ASSIGNMENT:
Please restate word for word the lines of the entries below from the one with "Luxurious 4x6 oval" to the one with "The National Constitution Center", inclusive, and leave out every picture.

INPUT MATERIAL:
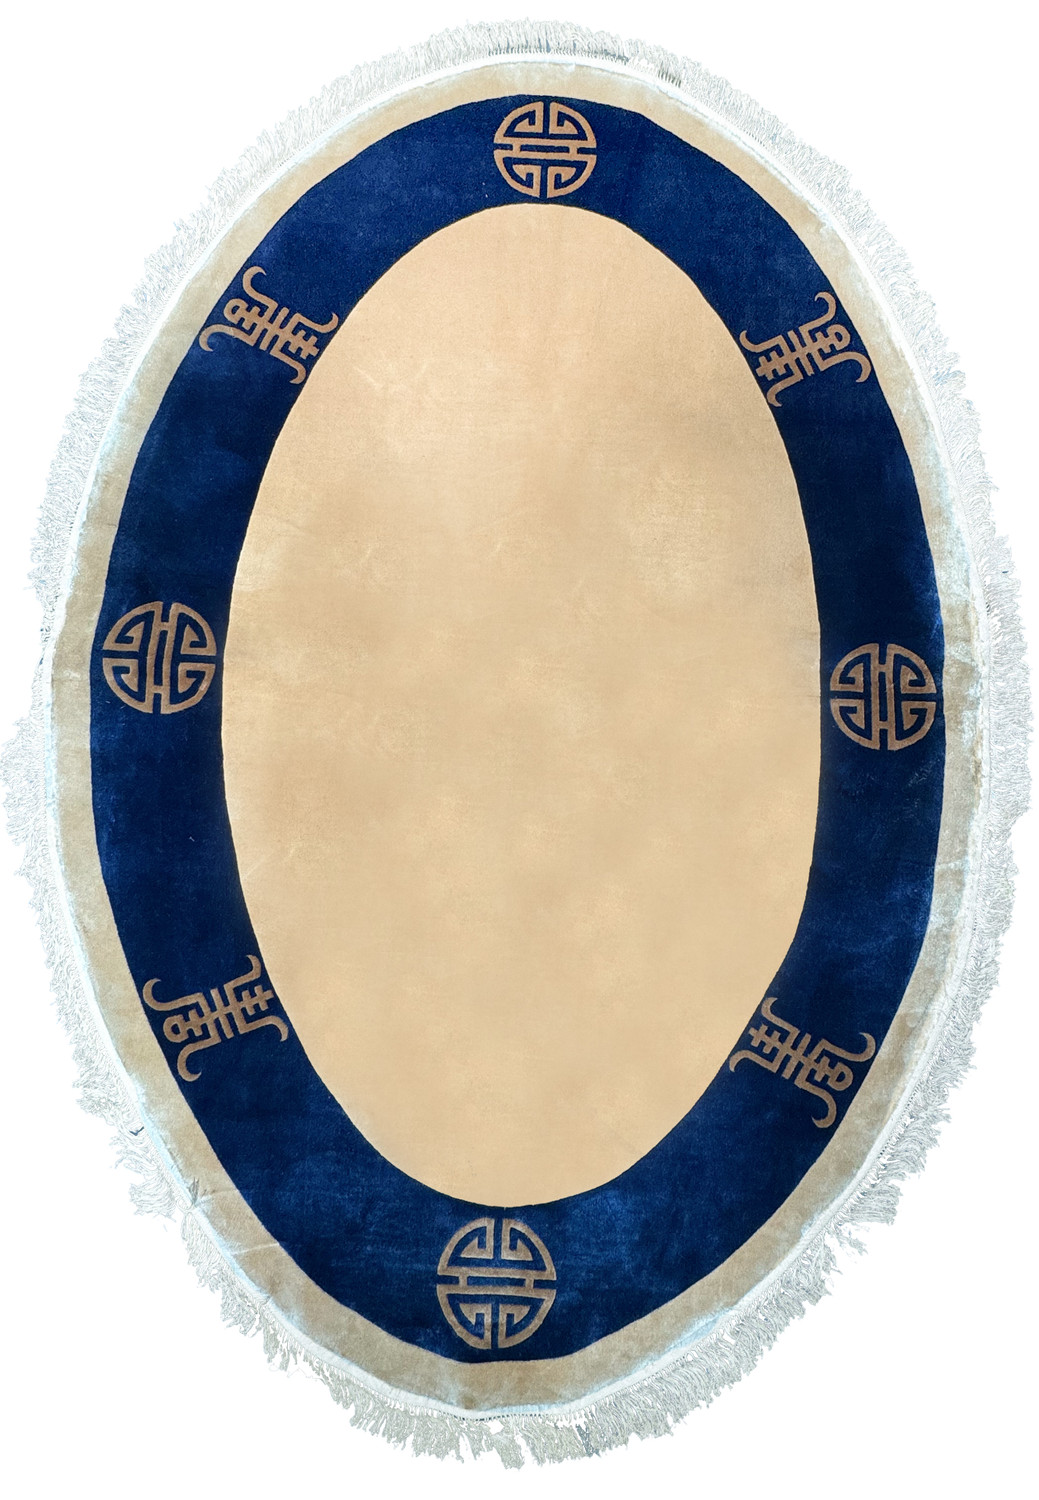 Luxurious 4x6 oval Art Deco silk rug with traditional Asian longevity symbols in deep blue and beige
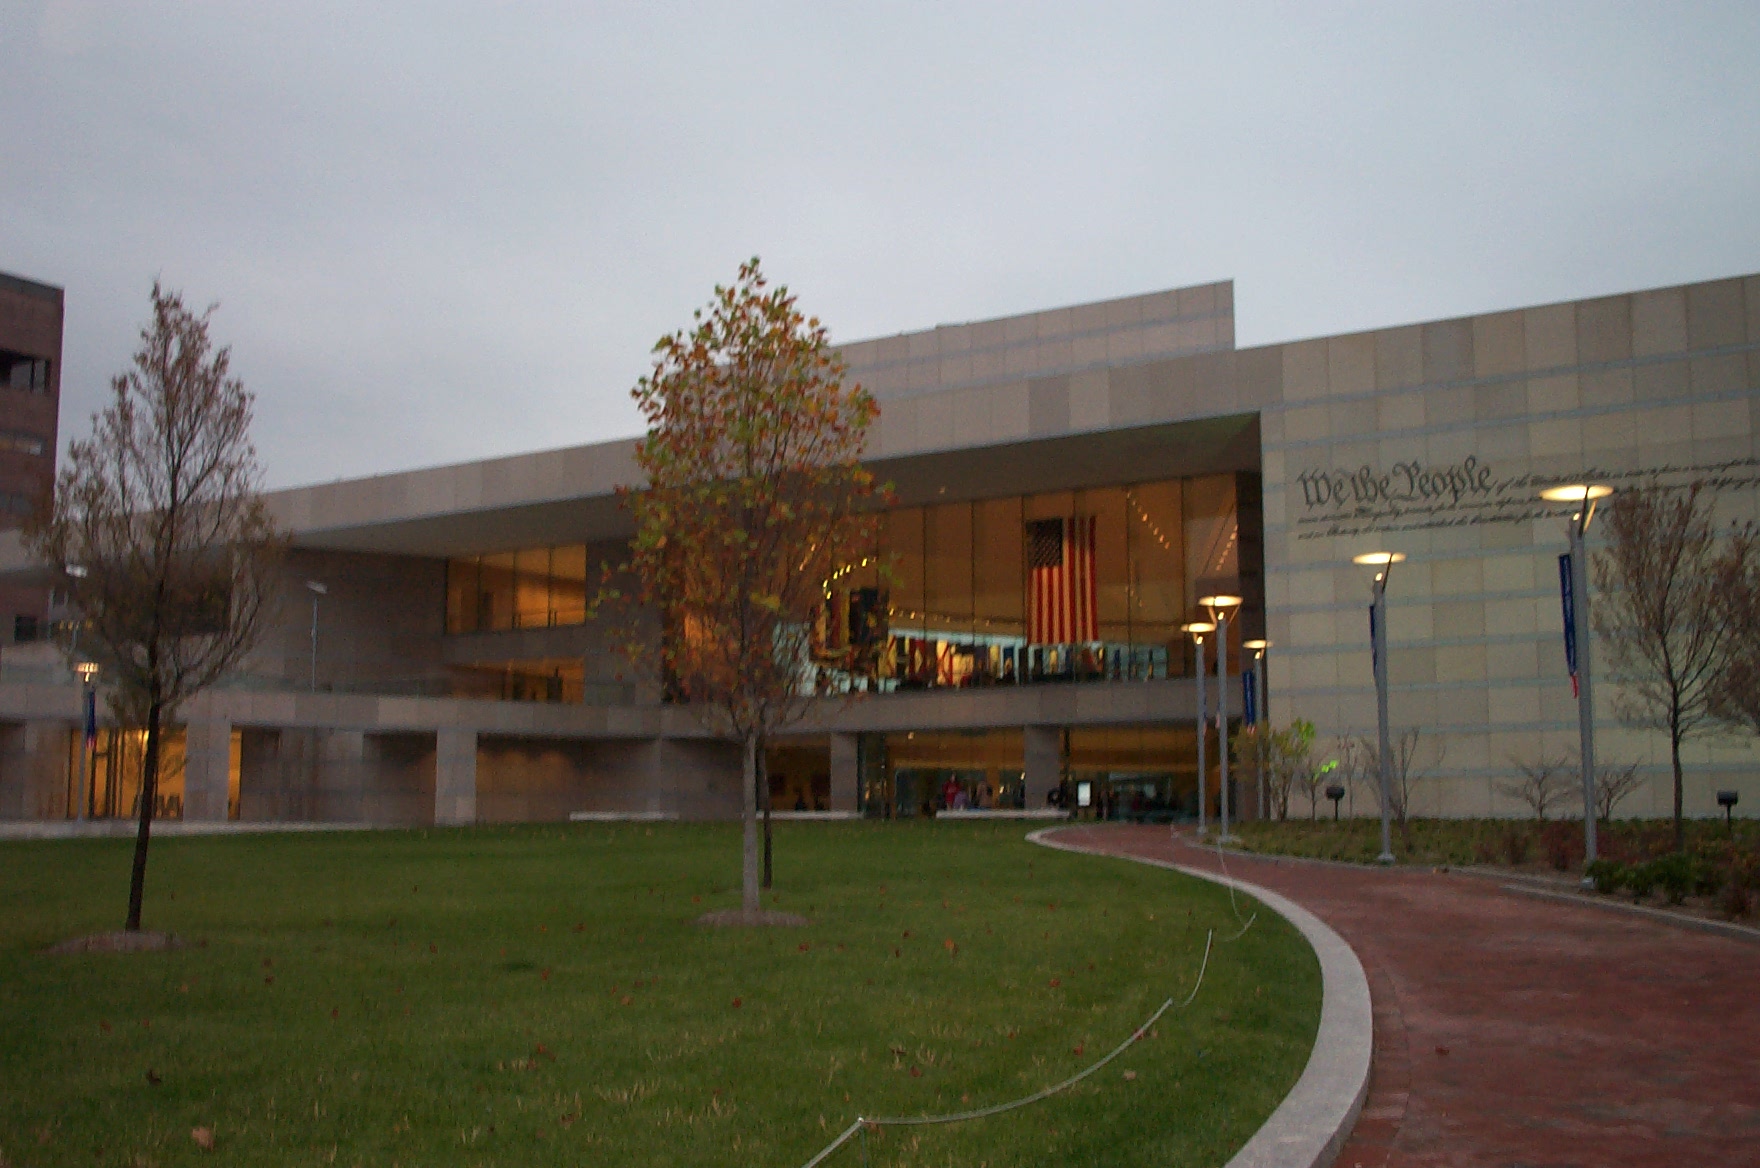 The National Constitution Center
---
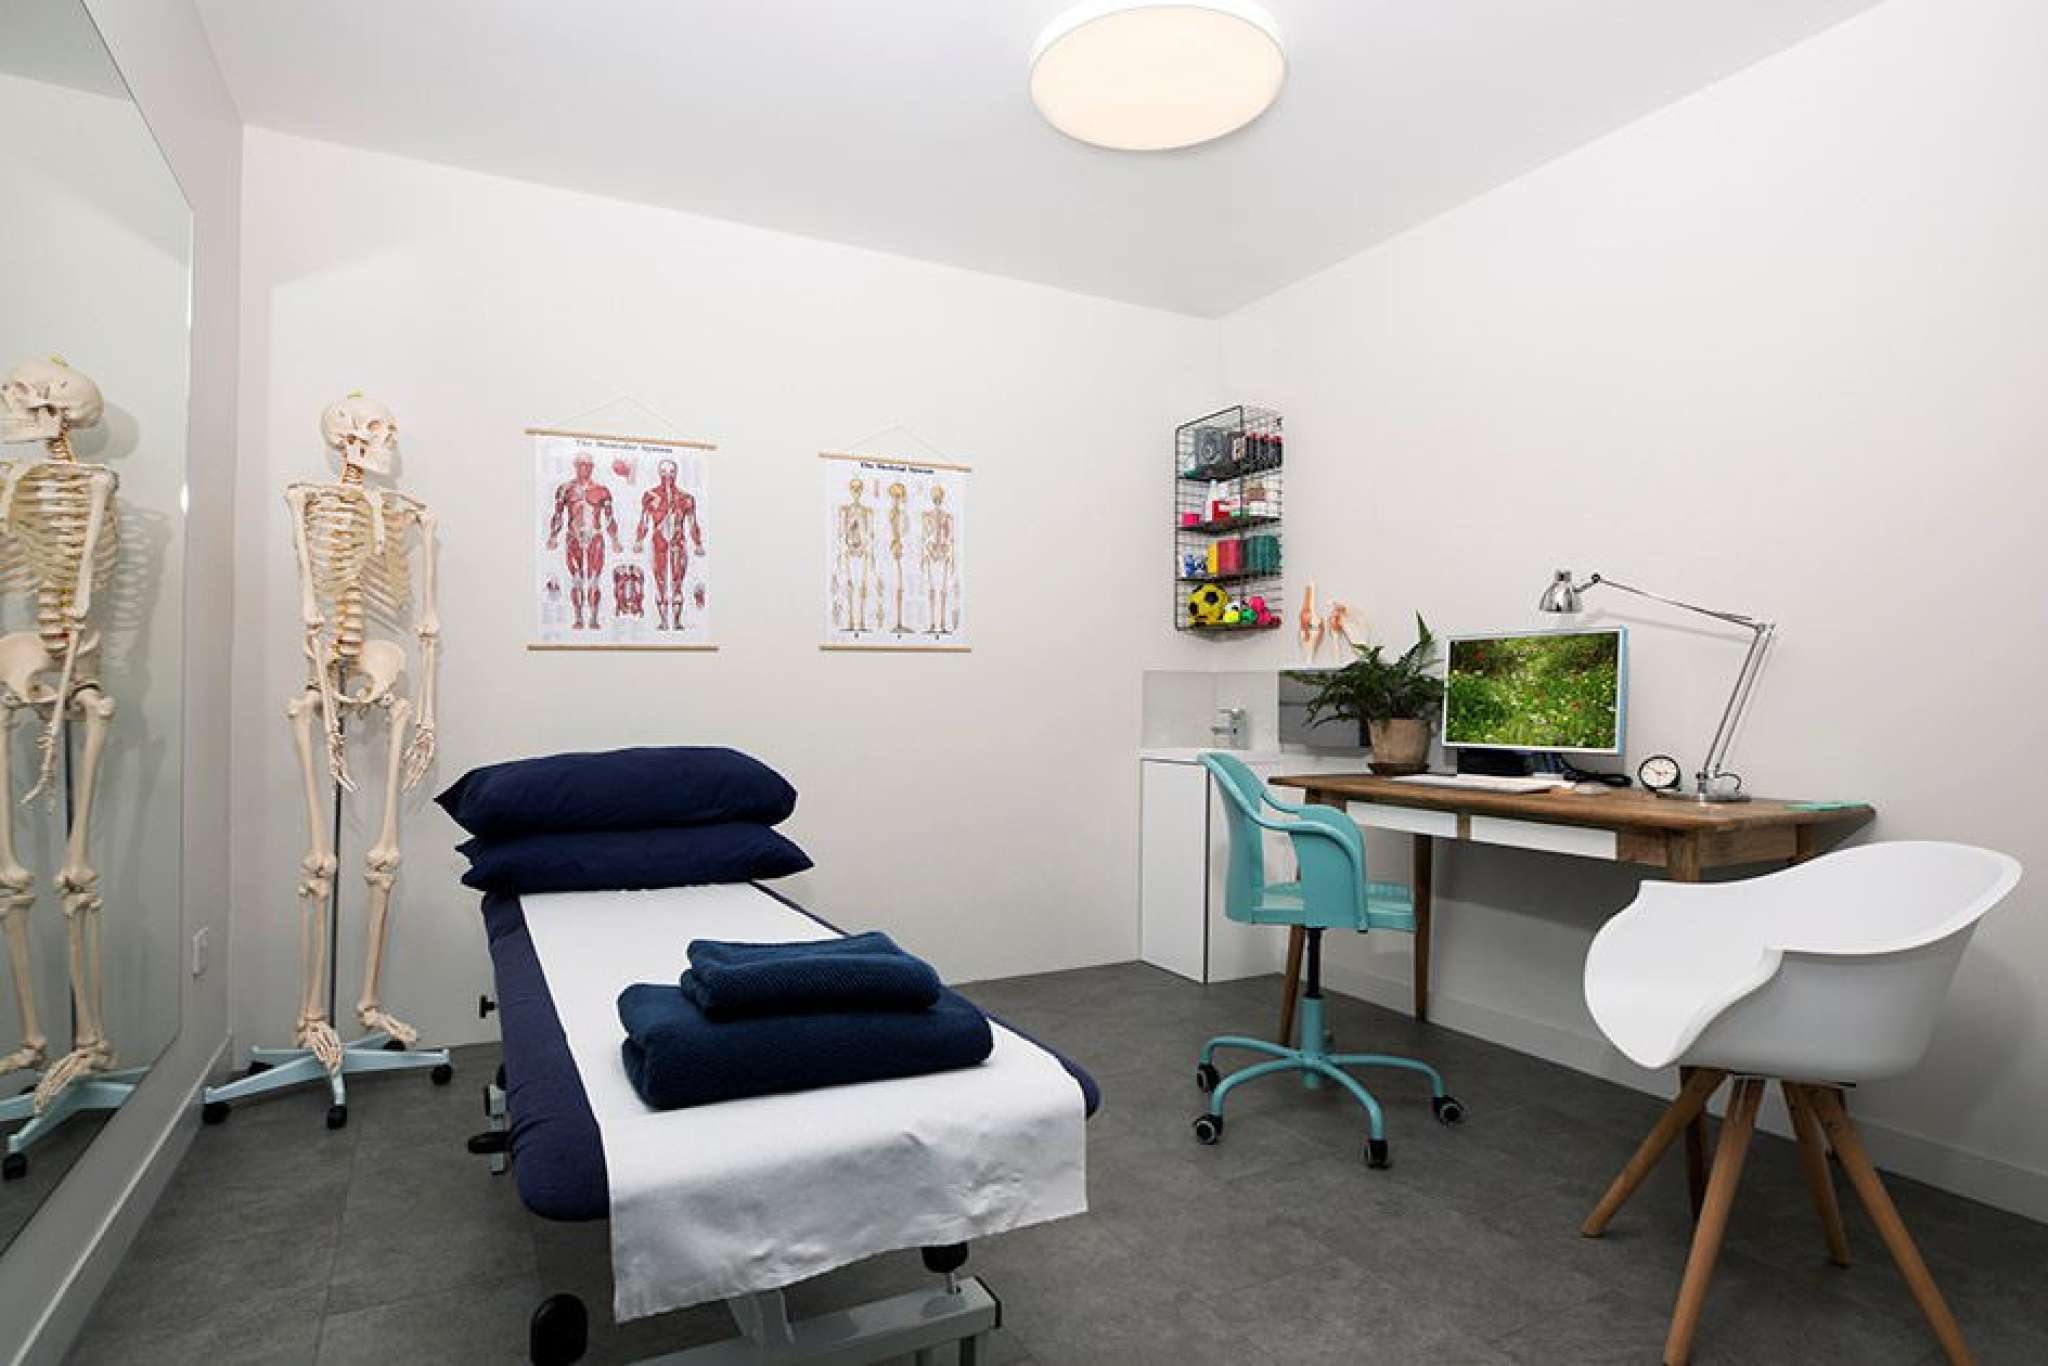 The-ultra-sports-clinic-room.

TASK SOLUTION:
 Luxurious 4x6 oval Art Deco silk rug with traditional Asian longevity symbols in deep blue and beige
 The National Constitution Center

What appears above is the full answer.